Wertheim
- Company type: Brand
- Industry: Vacuum Cleaners
- Genre: Floor Care
- Products: Vacuums, Deep Cleaners, Steam Mops, Carpet Shampooers

= Wertheim (company) =

Wertheim is a brand of domestic vacuum cleaners and floor care products.

The Wertheim brand name used to be sold in Australia and New Zealand through Godfreys but Godfreys went out of business in 2024.

==History==
The Wertheim brand was established in Australia in the 1870s when German Hugo Wertheim (1854 - 1919) moved to Melbourne and established a business as agent for his father's cousin Joseph Wertheim, a well-established manufacturer of sewing machines back in Germany. Hugo Wertheim sold sewing machines, bicycles, pianos and other mechanical devices, under brands such as Wertheim, Electra, Planet, Griffin and Hapsburg.
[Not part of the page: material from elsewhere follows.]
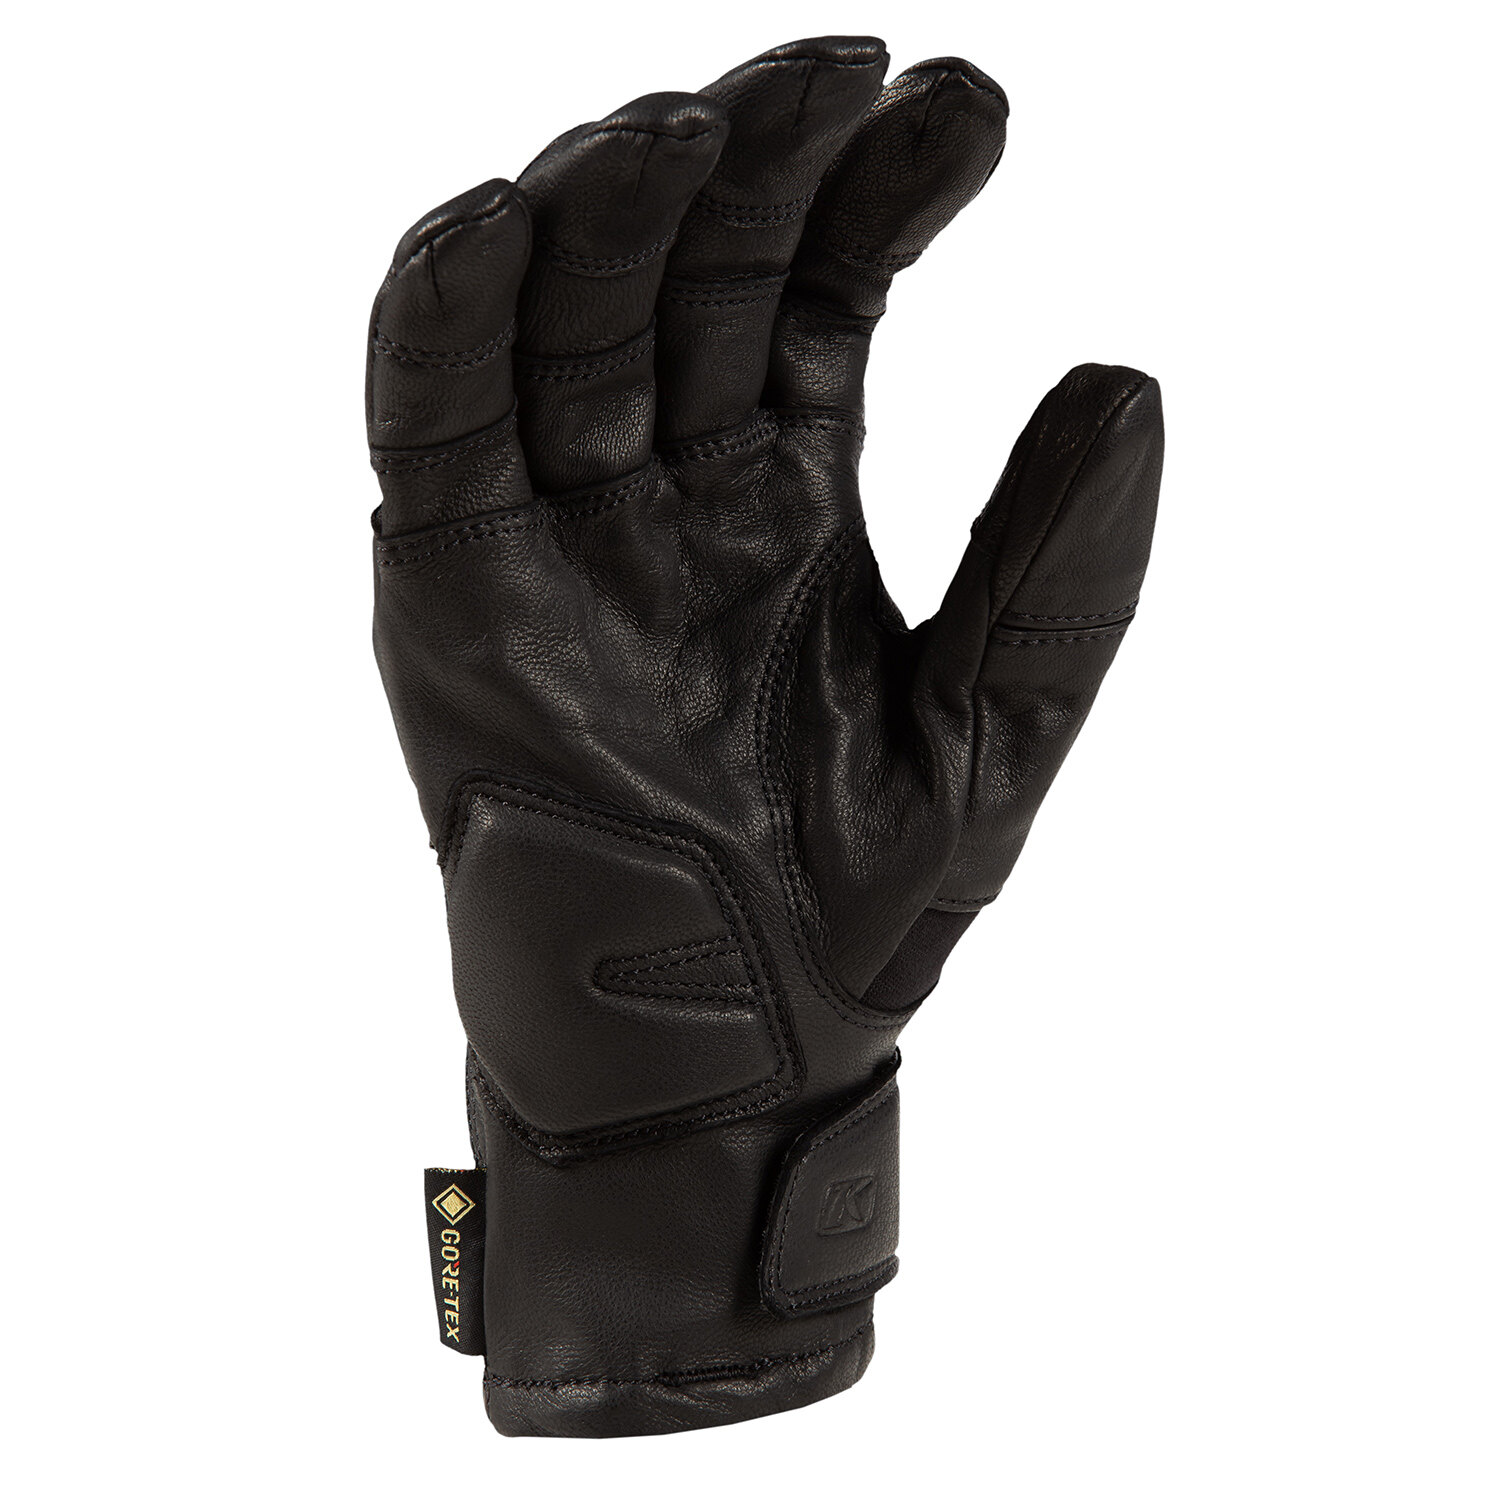 Women's Adventure GTX Short Glove XS Black

In 1908 Wertheim diversified into manufacturing and opened a large piano factory at Richmond, Melbourne. The brand achieved considerable success selling sewing machines, pianos and other electrical goods constructed of mainly Australian materials.

The Australian Wertheim factory was closed in 1935 and was later turned into a Heinz factory and later re-purposed as a television studio for GTV Channel 9. Shortly after, the brand was acquired by Australian retail company Godfreys.